Ein Gespräch mit der Schuldnerberatungsstelle der FAB gGmbH für Frauen-Arbeit-Bildung in Büdingen über Versuchungen, Verdrängung und neuen Mut.
Teuer ist das Leben geworden. Steigende Kosten und Inflation treiben die Zahl überschuldeter Menschen in die Höhe. Selbst wer noch nie Zahlungsschwierigkeiten hatte, kann plötzlich in eine finanzielle Schieflage geraten. Das merken auch die Schuldnerberater Sebastian Waffenschmidt und Katharina Ickes bei der FAB gGmbH für Frauen-Arbeit-Bildung in Büdingen. Sie gehen davon aus, dass der Beratungsbedarf in nächster Zeit noch steigen wird. Mit einer offenen Sprechstunde will die FAB nun Menschen ermuntern, sich beizeiten Rat zu holen, damit die Schuldenfalle gar nicht erst zuschnappt, sagt FAB-Geschäftsführerin Karin Frech.

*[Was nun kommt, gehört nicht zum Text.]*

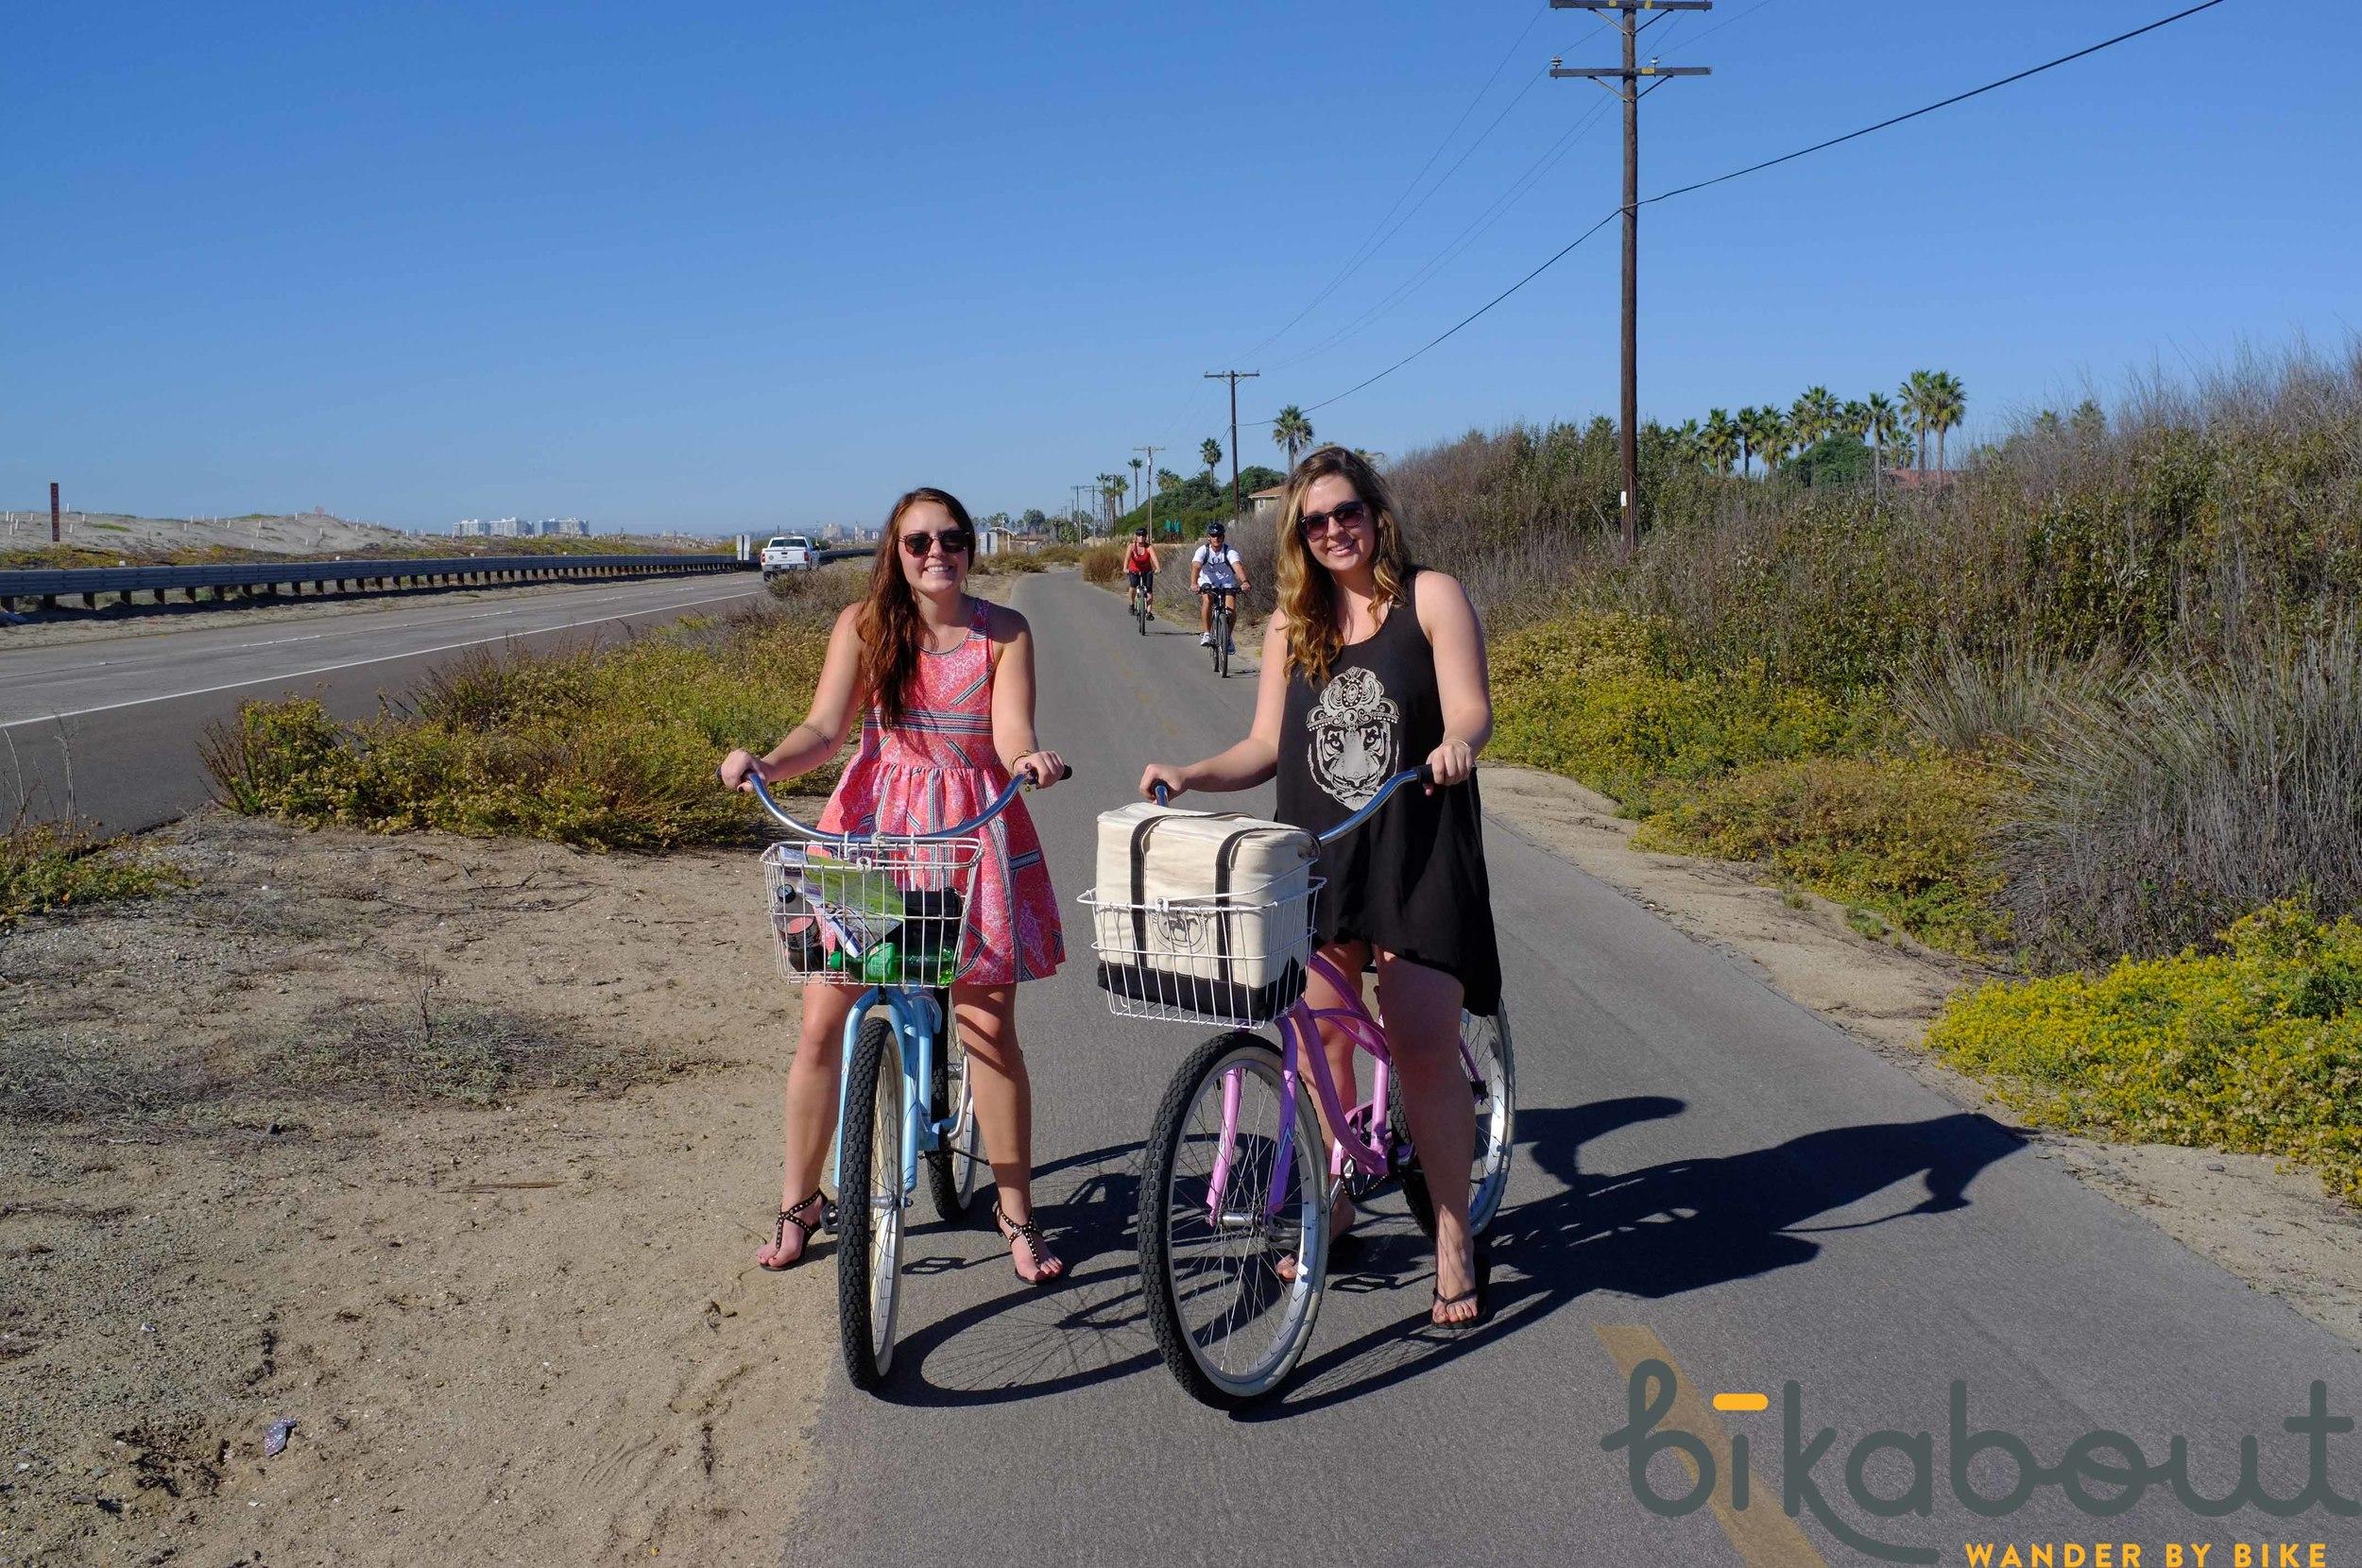 40 Bikabout-San-Diego-Bayshore-Bikeway-6.jpg

»Über Geld spricht man nicht«, sagt ein Sprichwort. Über Schulden vermutlich erst recht nicht. Wie groß ist die Scham der Menschen, die Ihre Beratungsstelle aufsuchen?

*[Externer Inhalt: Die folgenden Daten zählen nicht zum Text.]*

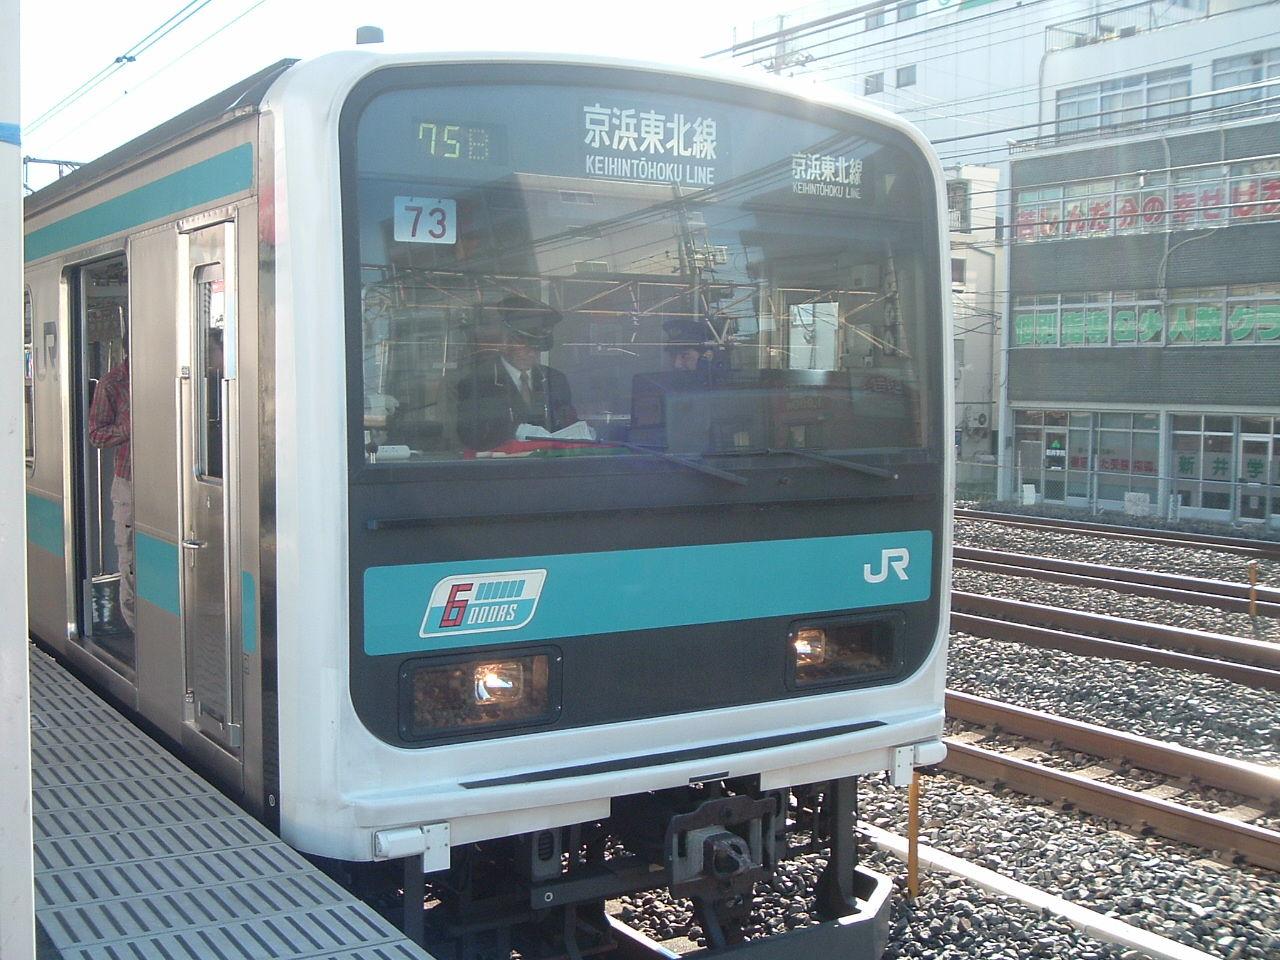 df4a477f.jpg

Sebastian Waffenschmidt: Unsere Kunden kostet es in der Tat ziemlich viel Überwindung, zuzugeben, dass sie nicht mehr alleine zurechtkommen. Weil die Hemmschwelle so hoch ist, ermutigen wir die Ratsuchenden zunächst, einfach nur zu erzählen, frei von der Leber weg. Dabei geht es nicht nur um die Schulden. Das schafft Erleichterung und nimmt etwas von dem Druck, unter dem sie stehen. Wenn ein Gläubiger ankündigt, rechtliche Schritte einzuleiten, dann löst das mitunter Panik aus. Die Menschen haben Angst vor strafrechtlicher Verfolgung. Aber wegen Schulden kommt niemand ins Gefängnis.
Katharina Ickes: Wer zu uns kommt, hat schon den ersten Schritt getan. Helfen und regulieren kann man nämlich nur, wenn jemand mitarbeitet.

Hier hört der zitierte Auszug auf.